DATA:
*** Begin section ***
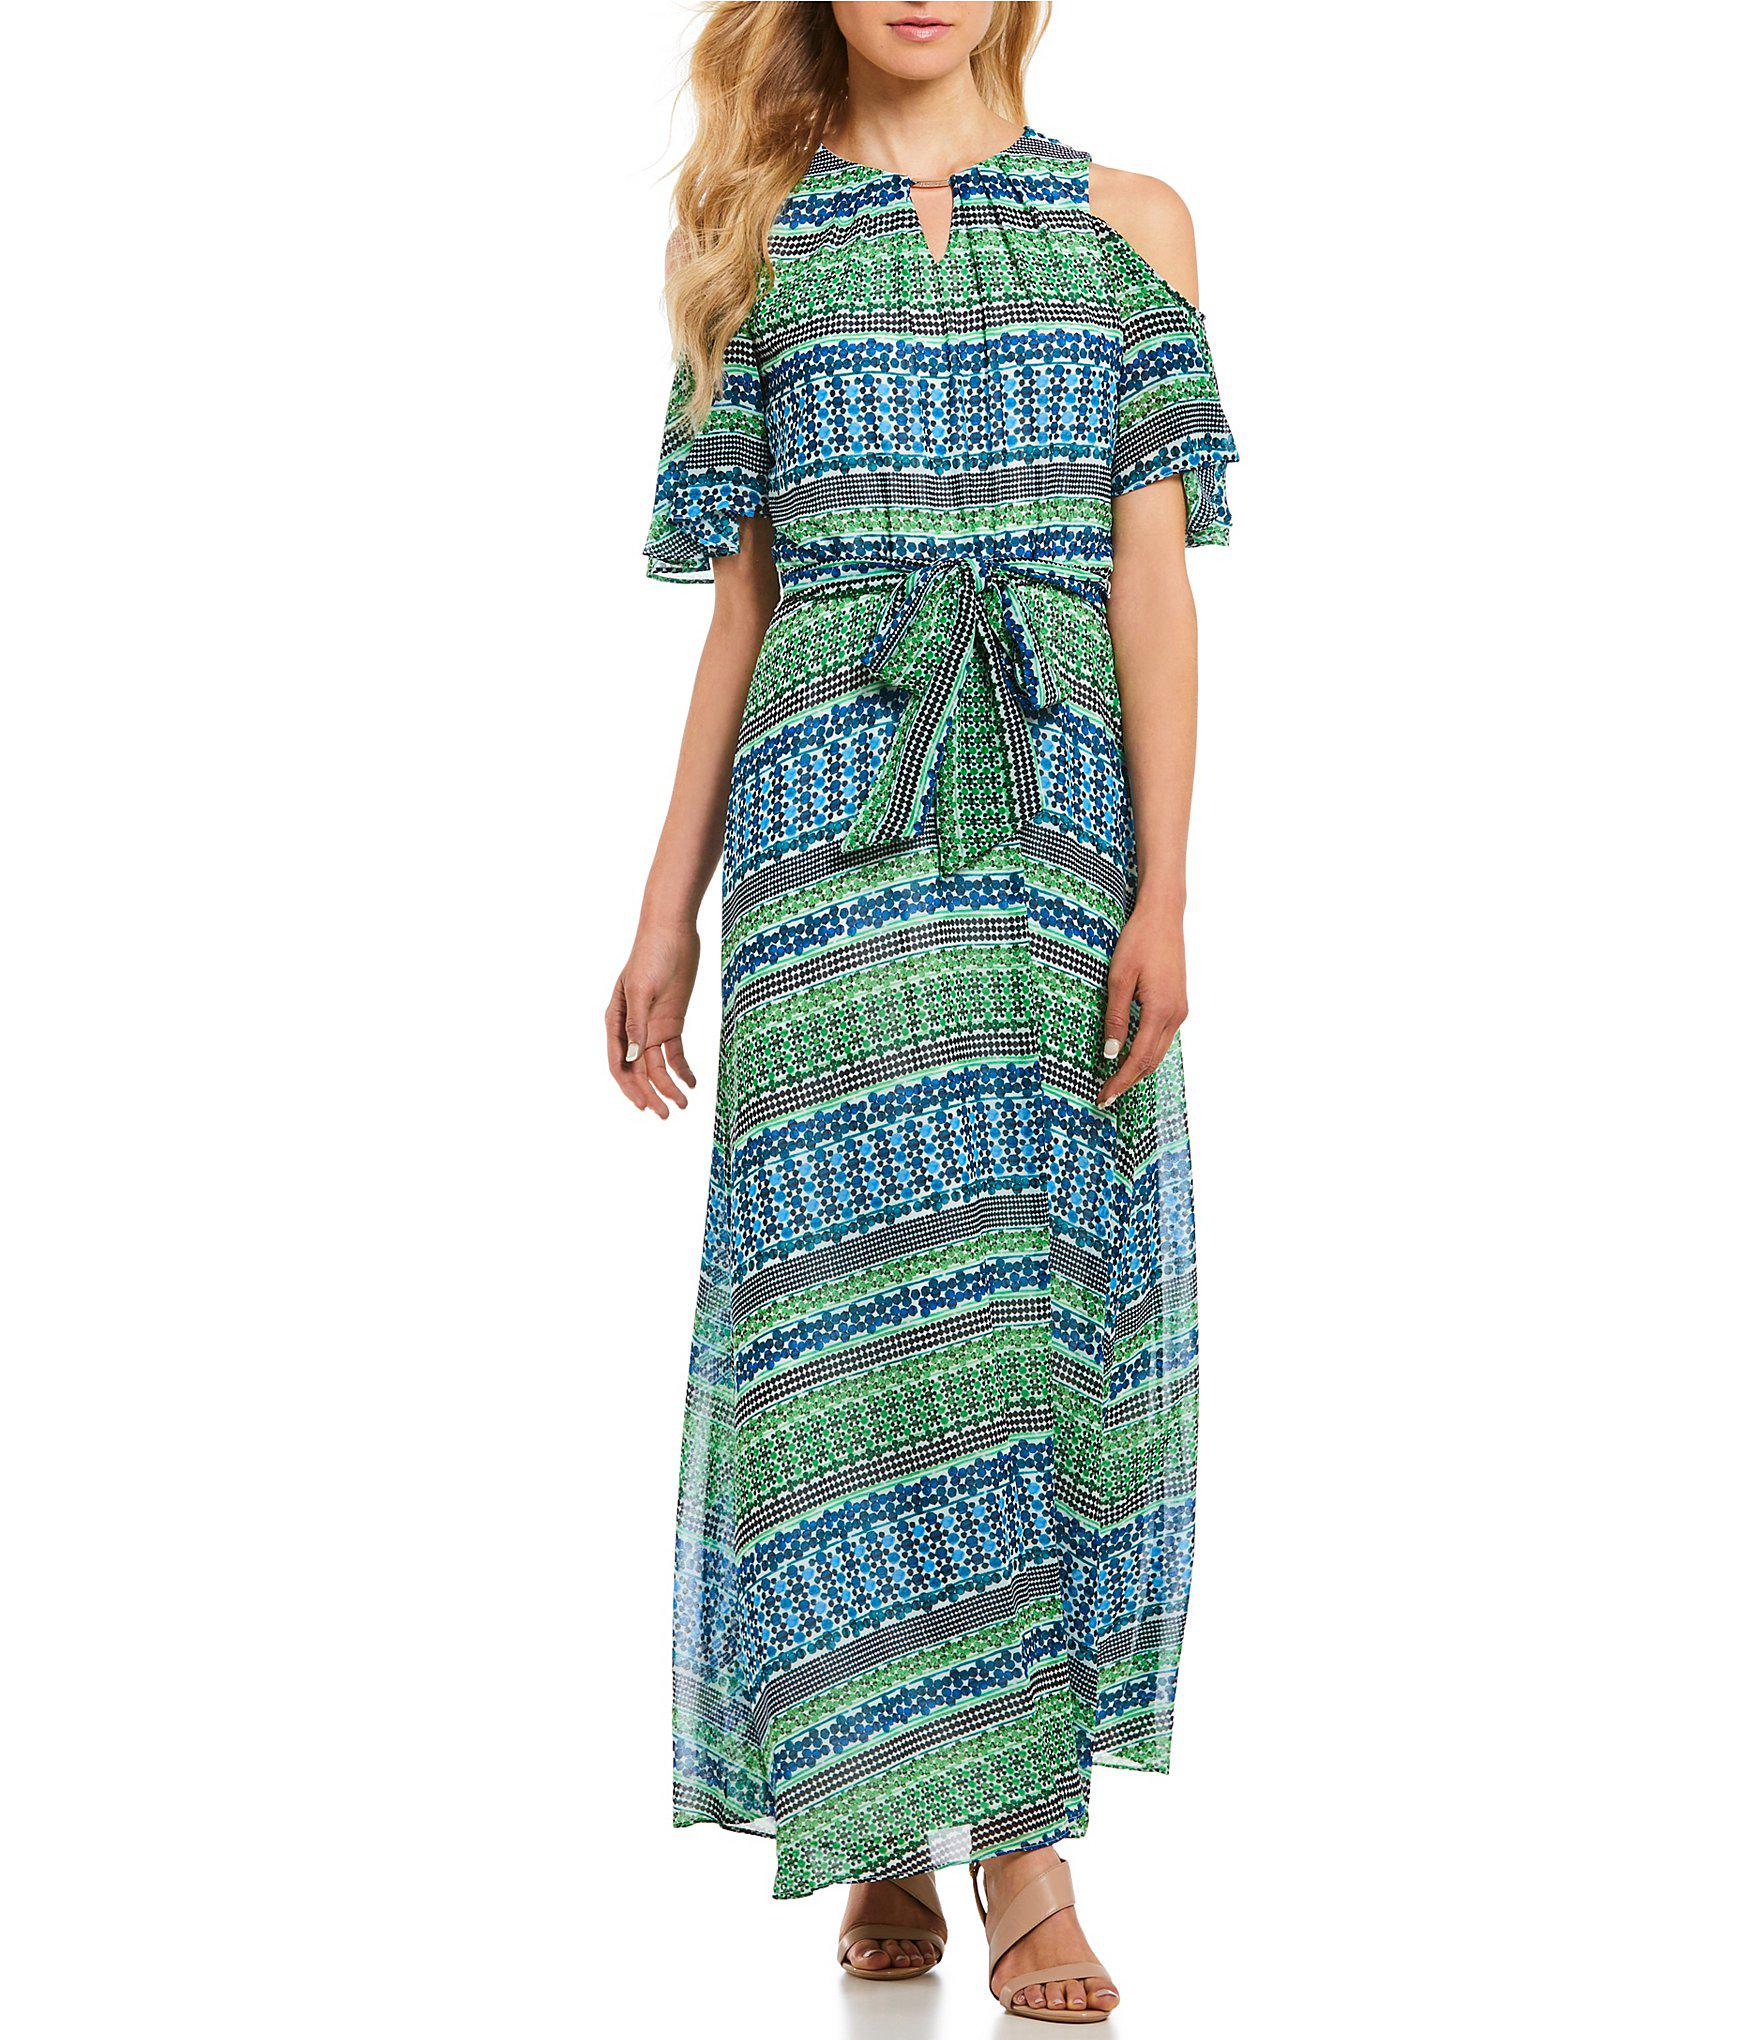 fd31fea62 Lyst - Calvin Klein Tile Stripe Print Halter Neck Cold Shoulder ...
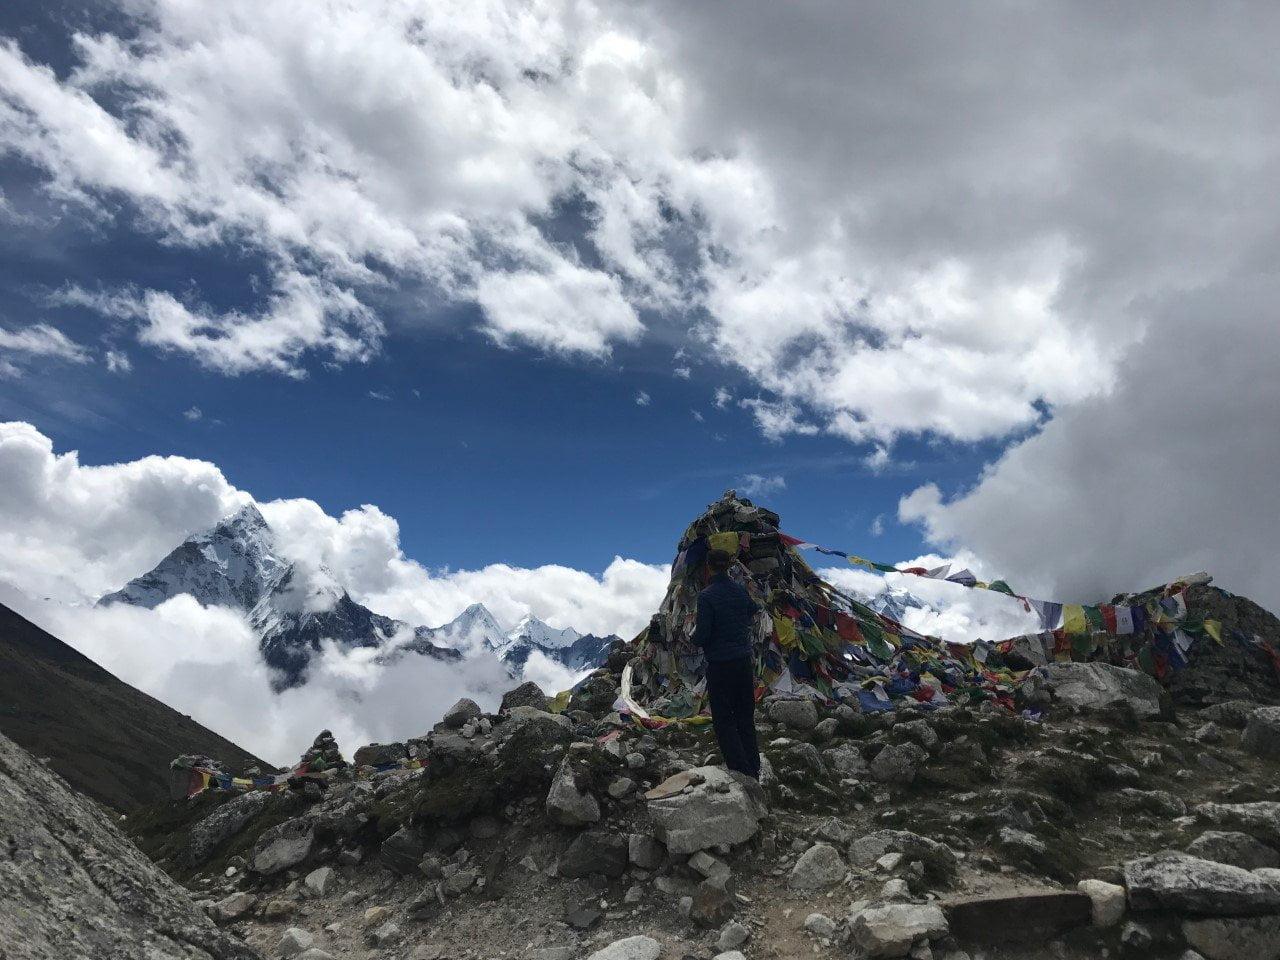 Anna Korenromp Nepal
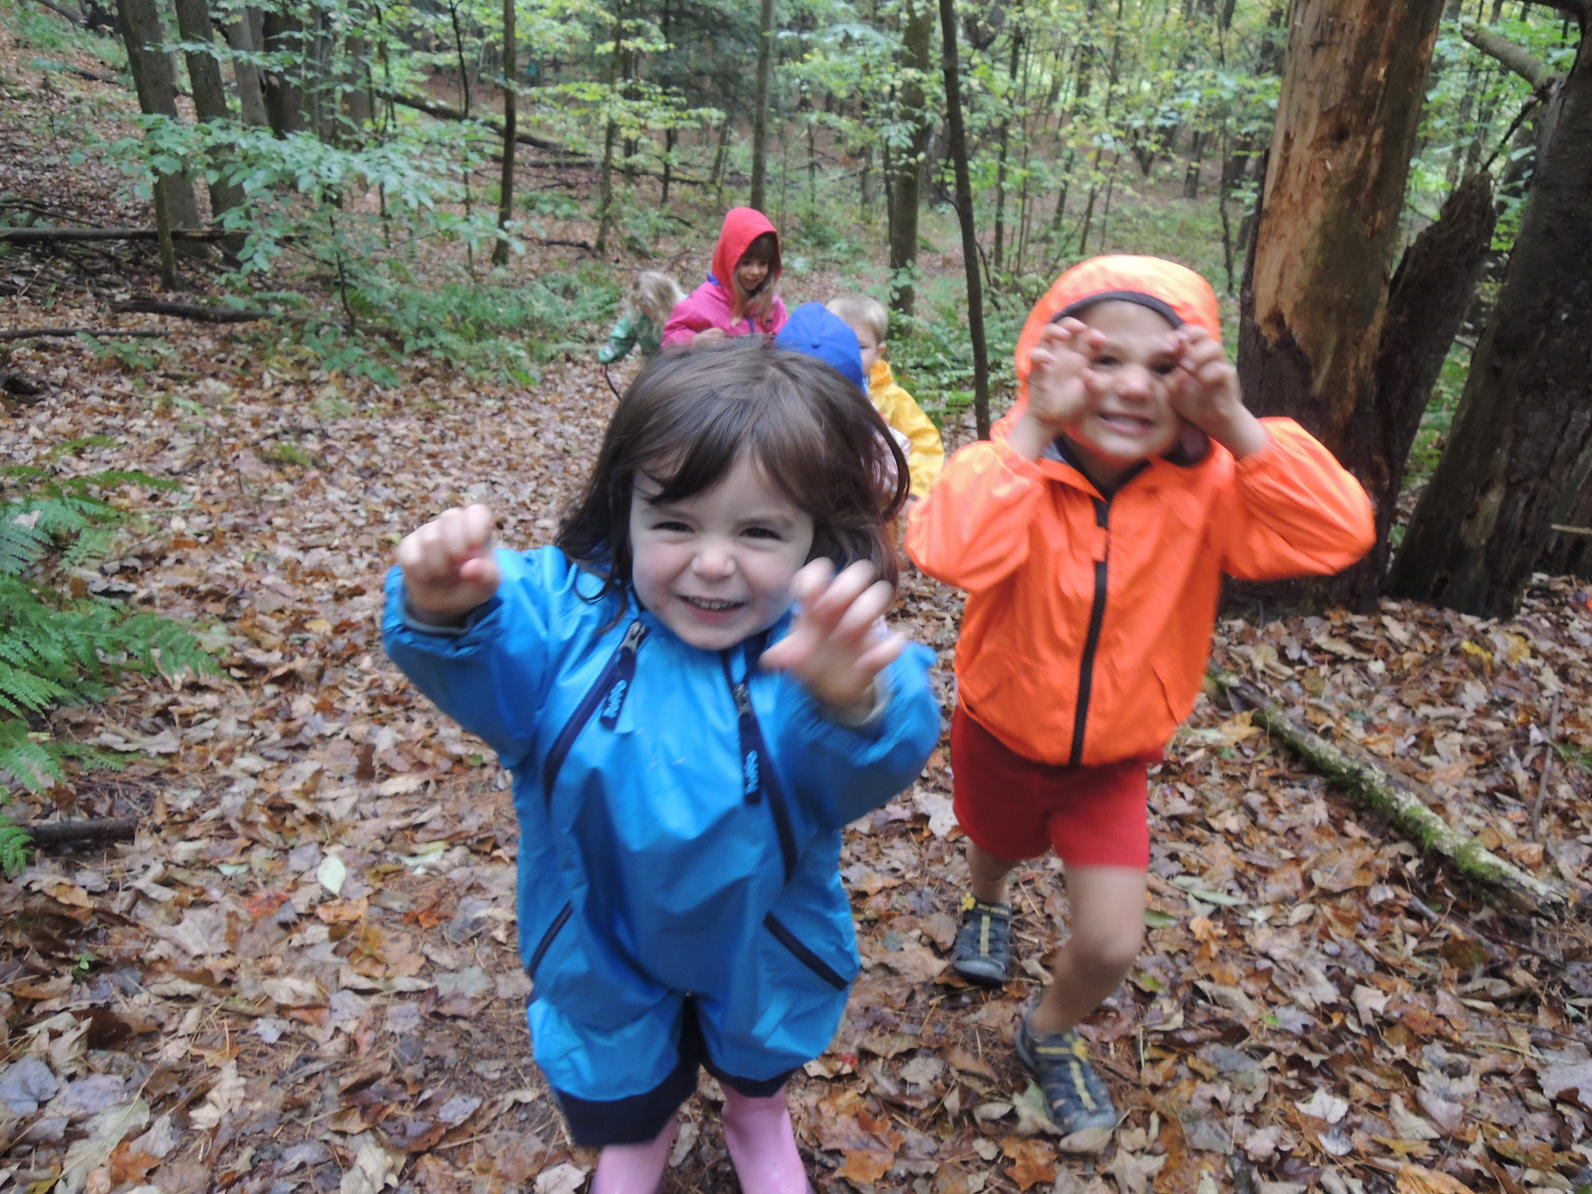 Preschoolers Roar
*** End section ***
YOUR INSTRUCTIONS: Keep the pictures out of the copy and write out the data exactly as it stands.

SOLUTION TO THE PROBLEM:
 fd31fea62 Lyst - Calvin Klein Tile Stripe Print Halter Neck Cold Shoulder ...
 Anna Korenromp Nepal
 Preschoolers Roar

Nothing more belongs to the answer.